The functions may be stored in a computer-readable storage medium if they are implemented in the form of software functional units and sold or used as separate products. Based on such understanding, the technical solution of the present invention or a part thereof which substantially contributes to the prior art may be embodied in the form of a software product, which is stored in a storage medium and includes several instructions for causing a computer device (which may be a personal computer, a server, or a network device) to execute all or part of the steps of the method according to the embodiments of the present invention. And the aforementioned storage medium includes: various media capable of storing program codes, such as a usb disk, a removable hard disk, a Read-Only Memory (ROM), a Random Access Memory (RAM), a magnetic disk, or an optical disk.

Finally, it should be noted that: the above-mentioned embodiments are only specific embodiments of the present invention, which are used for illustrating the technical solutions of the present invention and not for limiting the same, and the protection scope of the present invention is not limited thereto, although the present invention is described in detail with reference to the foregoing embodiments, those skilled in the art should understand that: any person skilled in the art can modify or easily conceive the technical solutions described in the foregoing embodiments or equivalent substitutes for some technical features within the technical scope of the present disclosure; and the modifications, changes or substitutions do not make the essence of the corresponding technical solutions depart from the scope of the technical solutions of the embodiments of the present invention.

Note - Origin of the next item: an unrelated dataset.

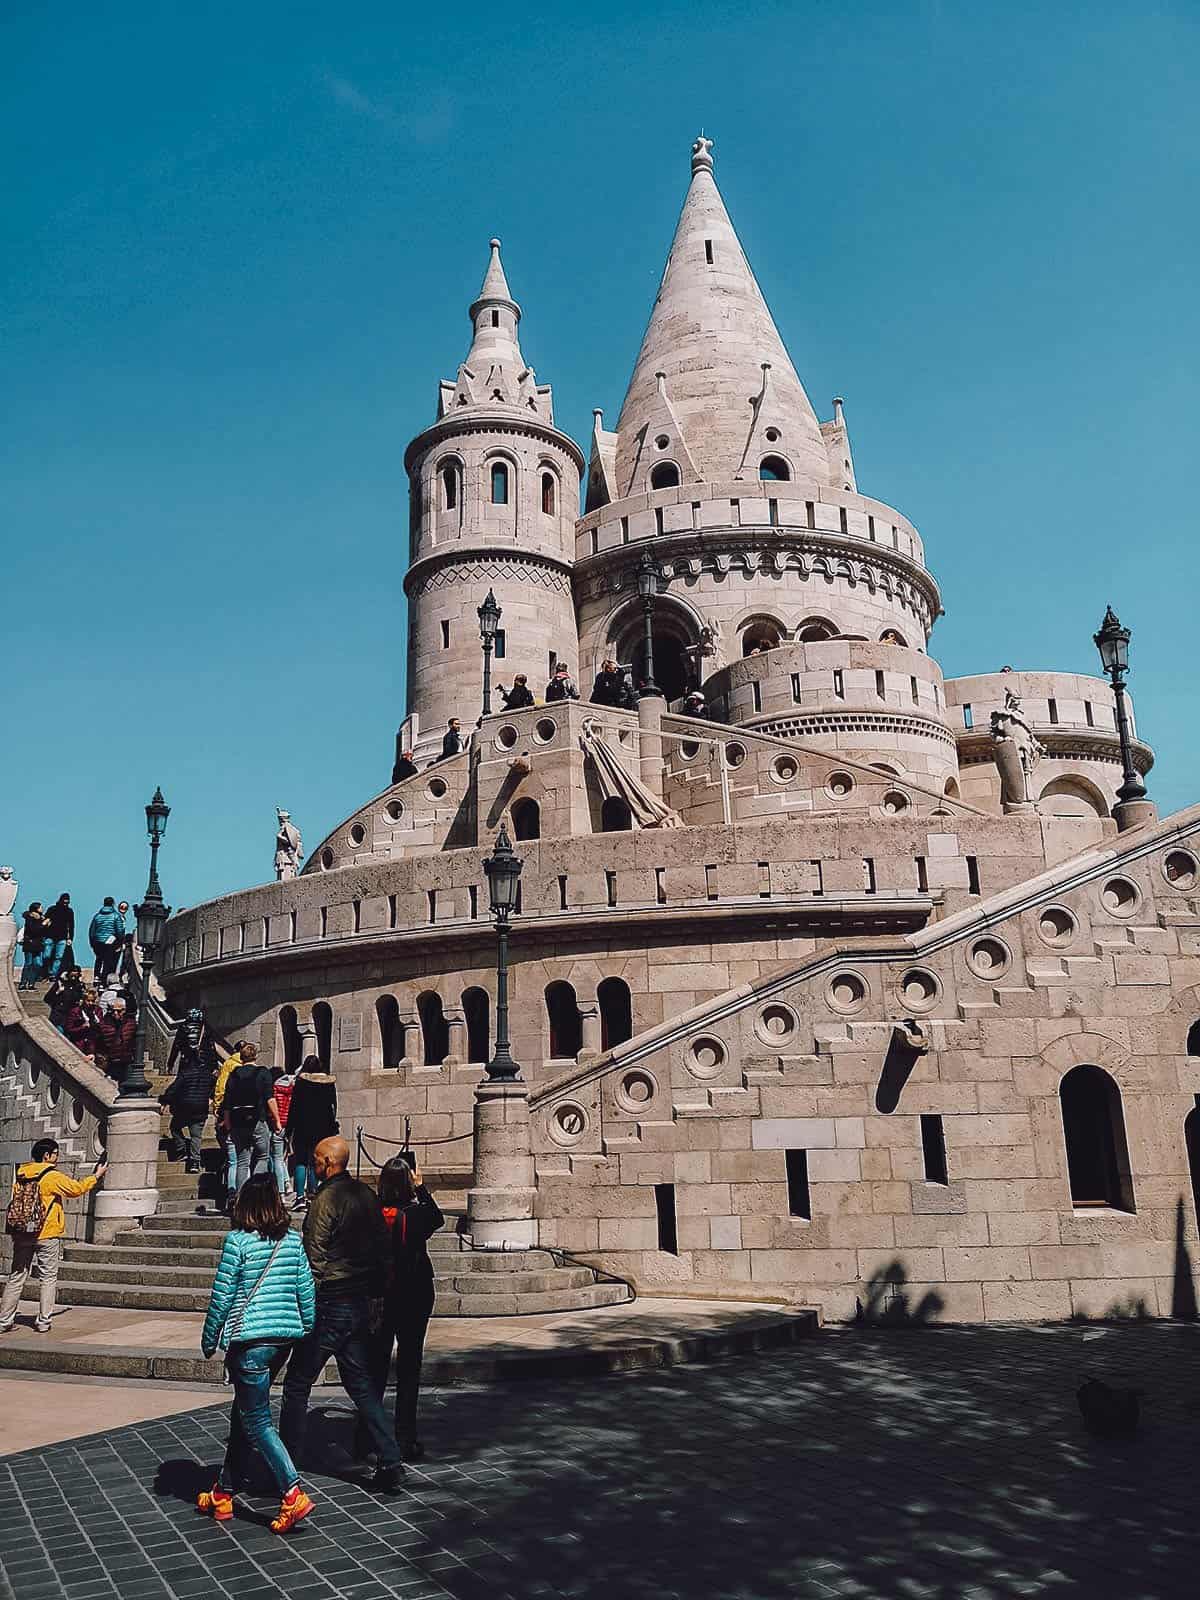 Fisherman's Bastion on Castle Hill in Budapest, Hungary

Are intended to be covered by the scope of the present invention. Therefore, the protection scope of the present invention shall be subject to the protection scope of the claims.

Claims

1. A fall behavior identification method based on video classification is characterized by comprising the following steps:

detecting human skeleton key points in a video frame image to be identified;

recognizing a falling behavior in a human skeleton timing diagram by using an ST-GCN model to obtain a first recognition result;

recognizing a falling behavior in the video sequence by using an S3DFAST double-flow model to obtain a second recognition result;

and comprehensively judging the first recognition result and the second recognition result to obtain a final fall recognition result.

2. The method according to claim 1, wherein the step of detecting the key points of the human skeleton in the video frame image to be identified comprises:

3. The method according to claim 1, wherein the step of tracking the human body target based on the human body skeleton key points to obtain the motion trail of the human body target and the motion change process of the human body skeleton key points comprises:

4. The method according to claim 1, wherein the training process of the ST-GCN model comprises:

5. The method of claim 4, wherein the loss function of the network model is a standard cross entropy loss function, and wherein the parameter learning uses a standard stochastic gradient descent algorithm.

6. The method of claim 1, wherein the training process of the S3DFAST dual-stream model comprises:

7. The method of claim 6, wherein the loss function of the network model is a cross-entropy loss function, and wherein the parameter learning uses an adaptive learning rate gradient descent algorithm.

8. An electronic device comprising a memory and a processor, wherein the memory stores a computer program operable on the processor, and wherein the processor implements the steps of the method of any of claims 1 to 7 when executing the computer program.

9. A computer readable storage medium, having stored thereon computer executable instructions, which when invoked and executed by a processor, cause the processor to execute the method of any of claims 1 to 7.